RFR: 8335480: Only deoptimize threads if needed when closing shared arena [v2]

Mon Jul 15 08:56:54 UTC 2024

On Sun, 14 Jul 2024 11:01:58 GMT, Uwe Schindler <uschindler at openjdk.org> wrote:

> I have one problem with the benchmark: I think it is not measuring the whole setup in a way that is our workload: The basic problem is that we don't want to deoptimize threads which are not related to MemorySegments. So basically, the throughput of those threads should not be affected. For threads currently in a memory-segment read it should have a bit of effect, but it should recover fast.

IMHO there is a bit of confusion in this discussion.

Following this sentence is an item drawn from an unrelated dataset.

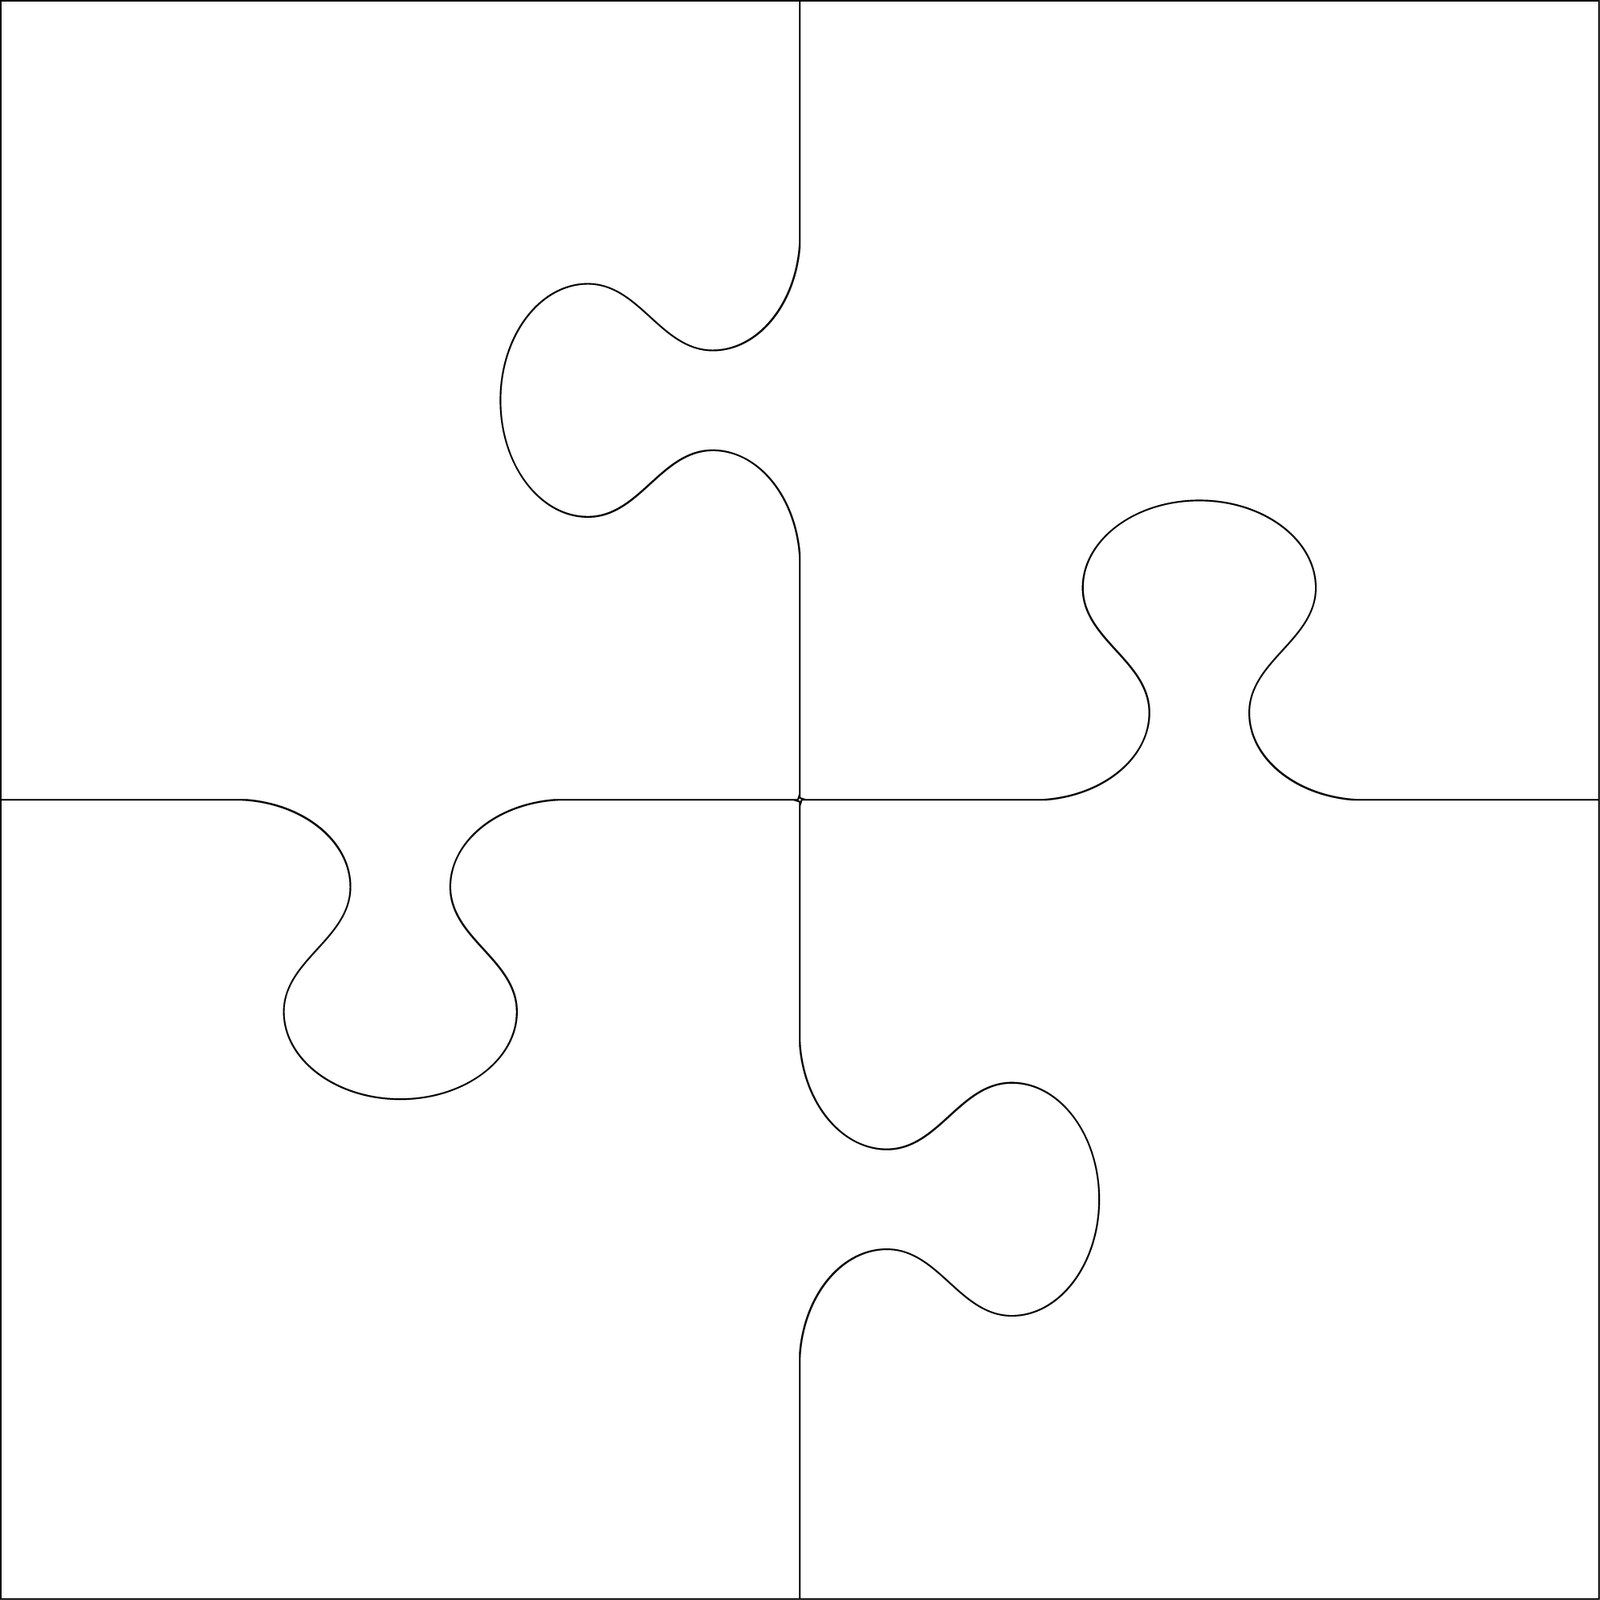 Puzzle Pieces Coloring Page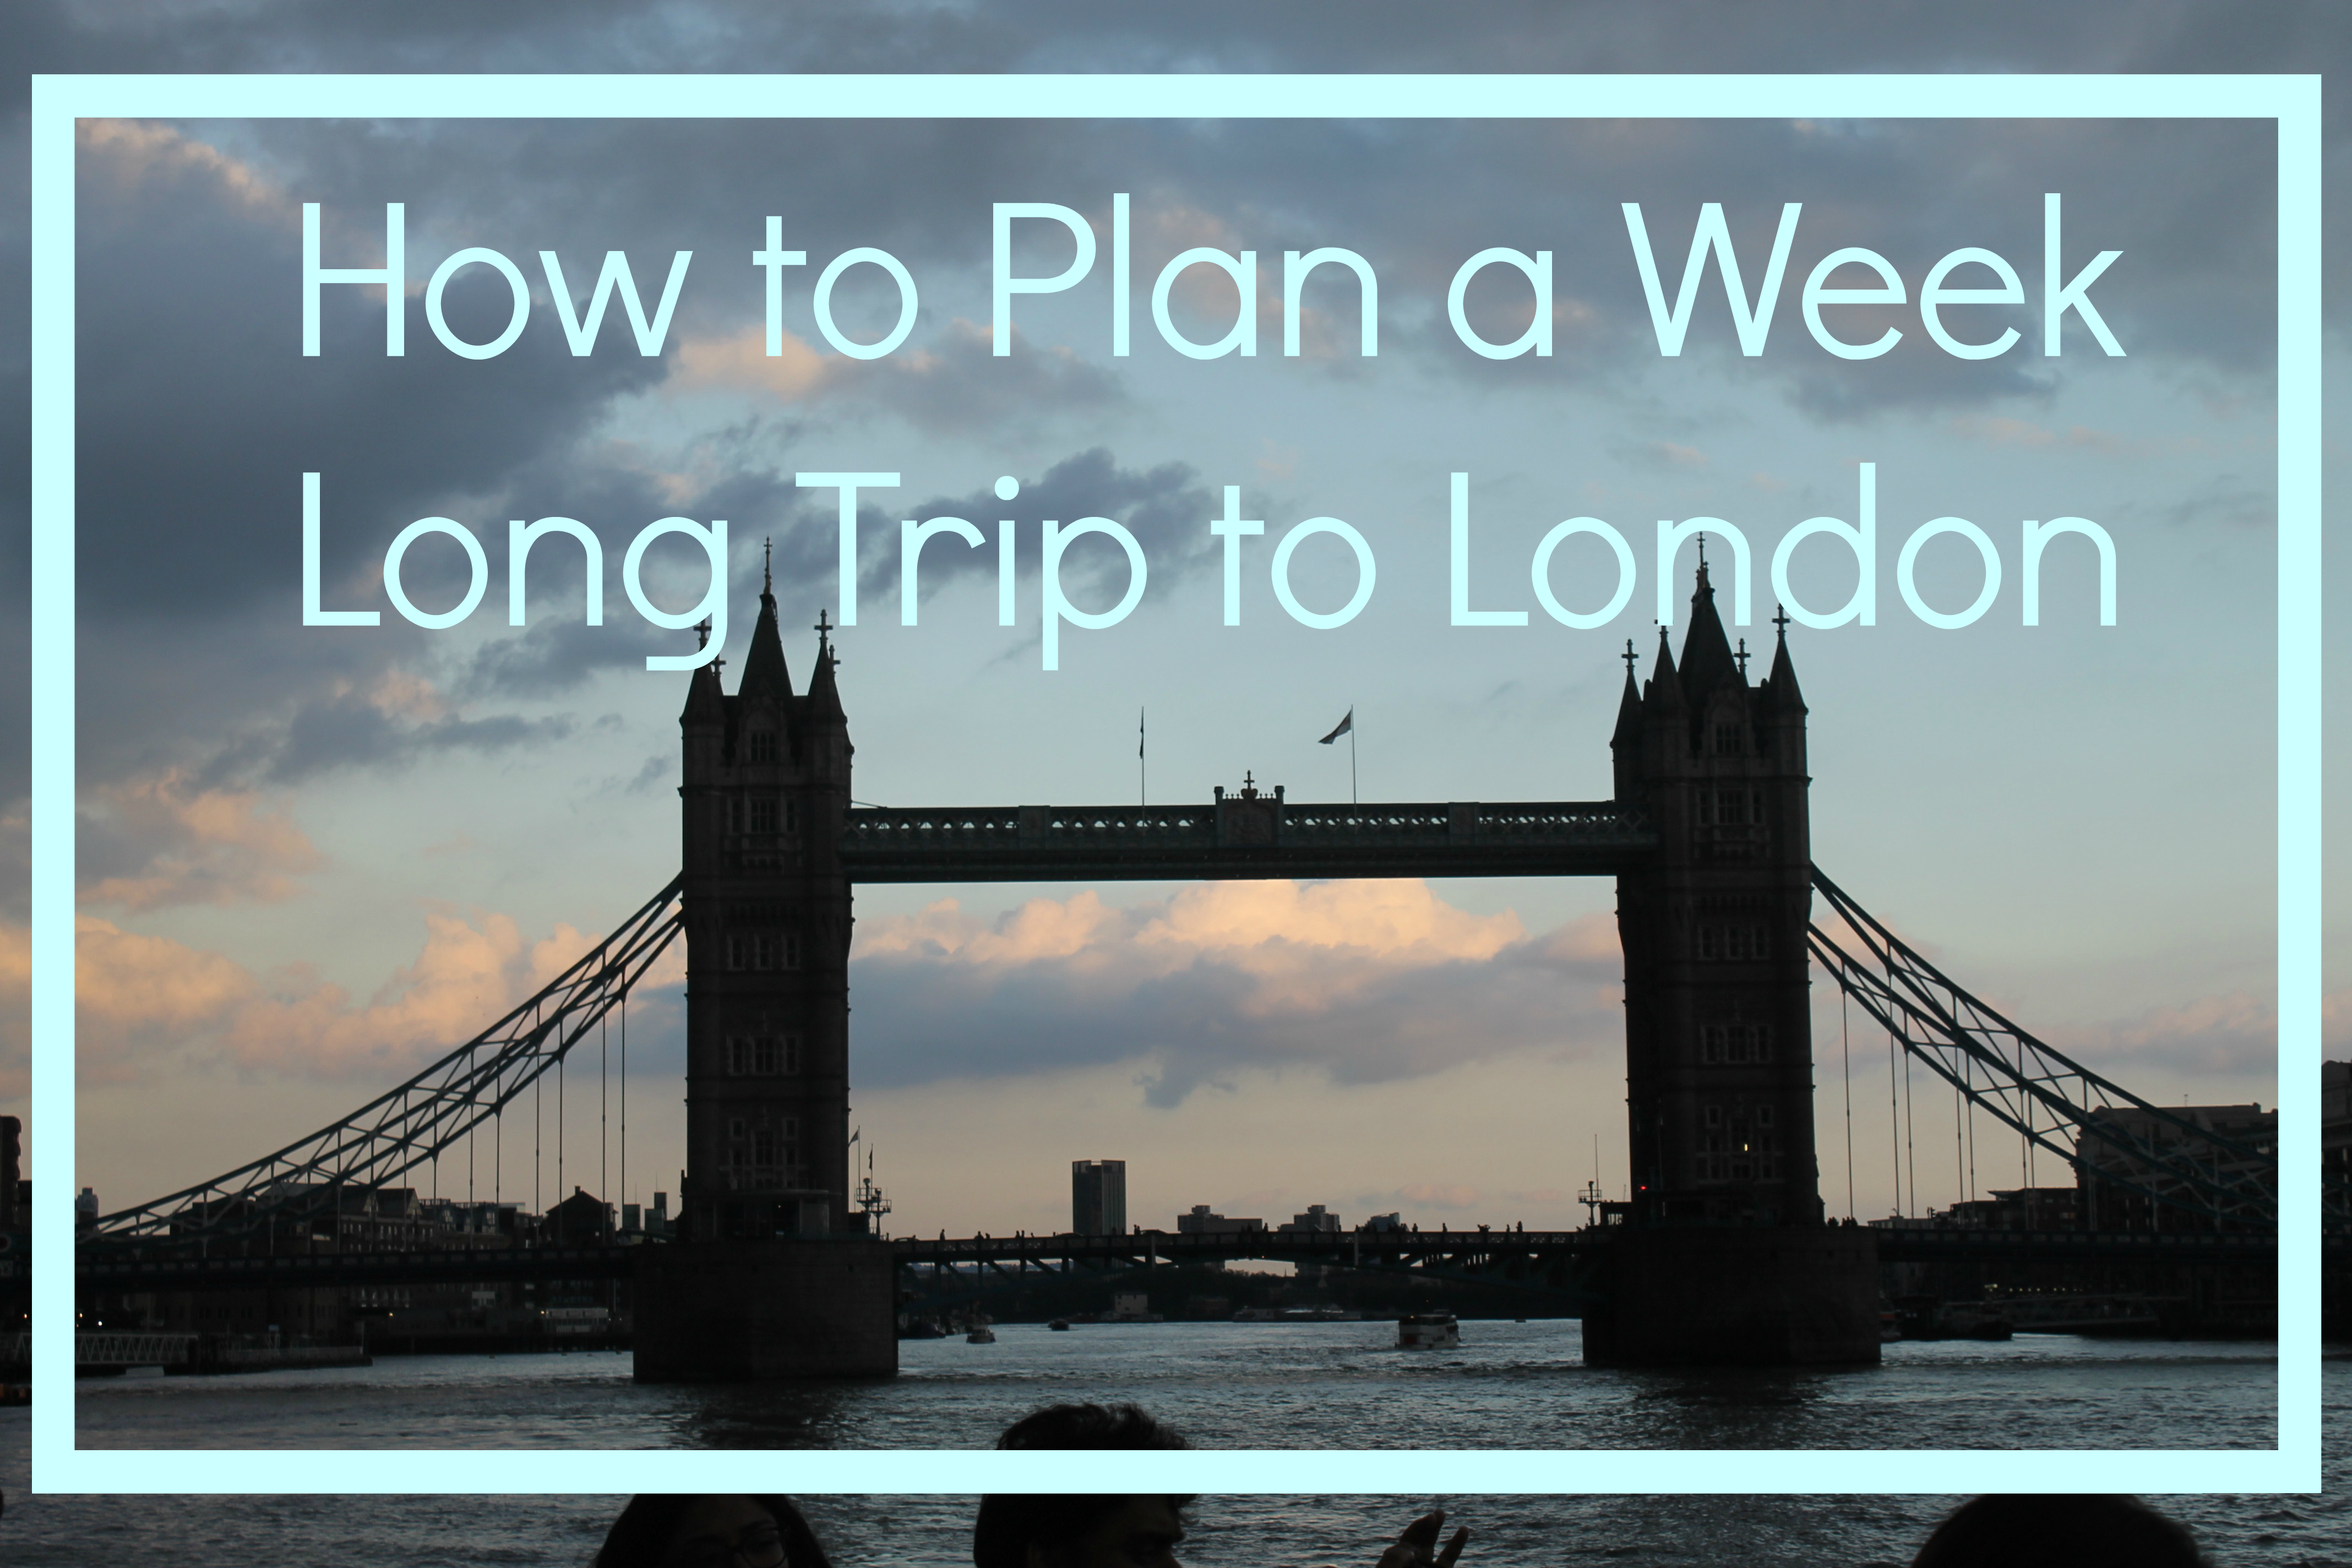 Jordan Taylor C- How to Plan a Week-Long Trip to London

When we say that a shared arena close operation is slow, we might mean one of two things:

1. calling the `close()` method itself is slow (this is what the benchmark effectively measures)
2. throughput of unrelated threads is affected (I think this is what Lucene is seeing)

Addressing (2) than (1) (in the sense that, if you sign up for a shared arena close, you know it's going to be deterministic, but expensive, as the javadoc itself admits).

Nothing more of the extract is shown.